Proteins are the essential immune-target structures, which in the MHC class I/II (MHC-I/II) pathway are processed to 8- 11/15-18 mer peptides. In this way, peptides that bind to MHC molecules are presented and potentially recognized by cytotoxic T cells (CD8/CD4), which can lead to an immune response [9]. The most selective step in this antigen presentation is the peptide binding to MHC [10]. Each MHC molecule has a potentially unique binding affinity motif [11] and the characterization of this motif for each MHC molecule prevalent in a given population is a central aspect of rational T cell epitope discovery. Due to the immense MHC polymorphism [12, 13], an exhaustive characterization of all MHC molecules is a high cost-intensive effort, and as of today in spite of significant advances in high-throughput immune assays only a little more than 100 MHC molecules, including 25 non-human molecules have been experimentally characterized at a detail allowing to describe their binding specificity (IEDB date 2012).

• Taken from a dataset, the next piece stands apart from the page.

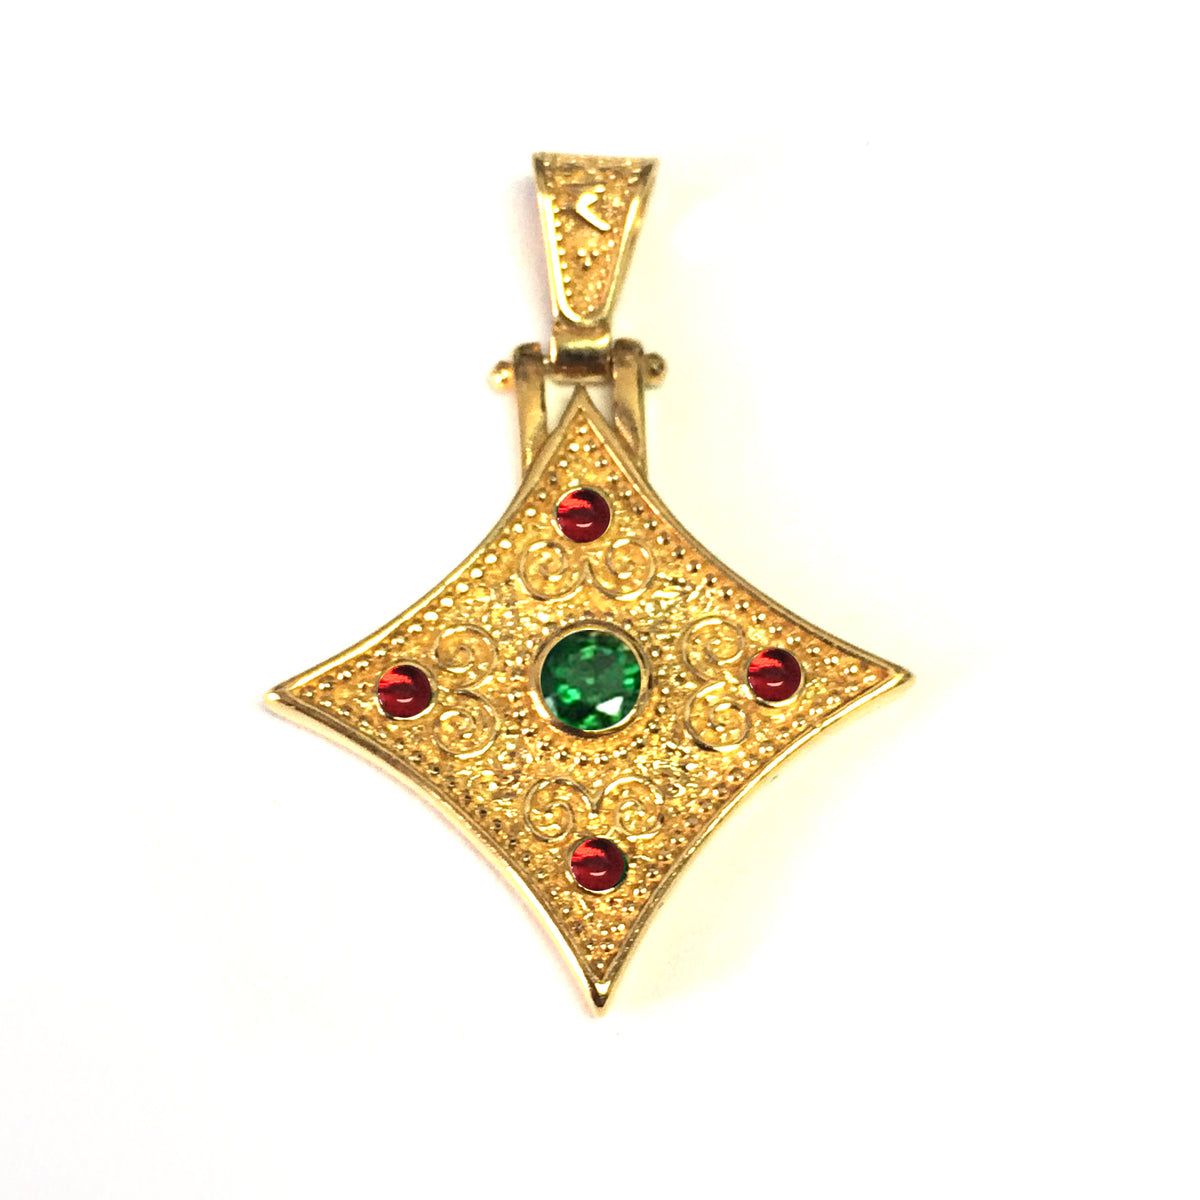 Sterling Sølv 18 Karat Guld Overlay Byzantinsk Rhombus Pendant fine designer smykker til mænd og kvinder
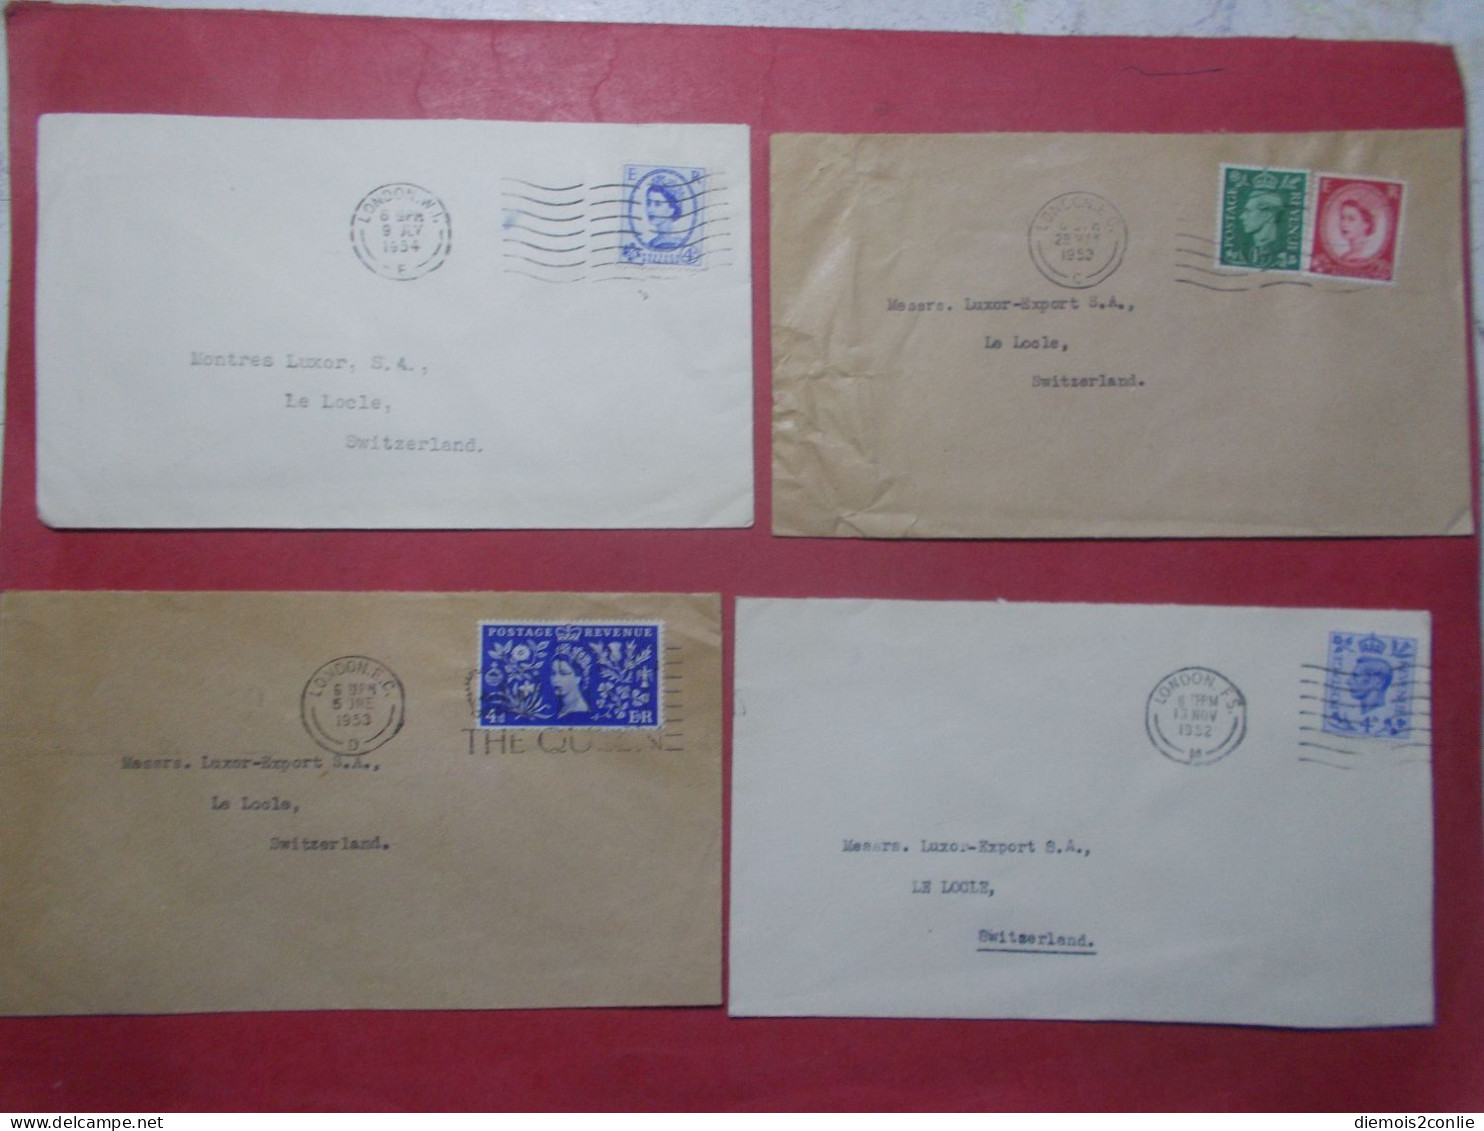 Marcophilie - Lot 4 Lettres Enveloppes Oblitérations Timbres ROYAUME UNI Destination SUISSE (B334) - Poststempel

To face this problem, several in silico prediction methods have been developed in the last decades [14–18]. Of these methods, NetMHCpan is the current in state-of the art method for predicting binding affinity of peptides to any MHC-I/II molecule with a know protein sequence [19]. In this study we sequence the complete genome of a FAdV-C from Peruvian wild strains, and perform an immunoinformatics analysis to predict immunogenic MHC-I and MHC-II T-cell linear epitopes for immunodiagnostics and potential vaccine.
Methodology
FAdV isolation and DNA preparation:
Field samples from a local chicken farm let us isolate a FAdV strain. Inclusion body hepatitis (IBH) was confirmed by clinical symptoms and by real-time PCR [20]. Liver from each individual was blended with phosphate buffered saline using individual sterile blenders. Then, for virus isolation, IBH PCR positive homogenized livers were ultracentrifuged by CsCl gradient as follows, cellular lysis was reached given tissues three freeze-thaw cycles (-80°C to 37°C). Cellular debris was eliminated through centrifugation of samples to 5,500 g for 30 minutes at 4°C. Five milliliters of supernatant were added into CsCl gradient (δ= 1.25 g/mL and δ= 1.4 g/mL) and ultracentrifuged in a SW28 rotor (Beckman Coulter, Indianapolis, USA) at 35000 RPM for 1 hour at 15°C in a Optima L-100K (Beckman Coulter). Capsids and complete viral particles were clearly identified. An aliquot of complete virus was used for DNA isolation as mentioned before and quantitation by realtime PCR, [20]. For DNA extraction, an aliquot of 200 µl was used to DNA isolation by DNeasy Blood & Tissue Kit (Qiagen, Hilden, Germany) following manufacturer instructions.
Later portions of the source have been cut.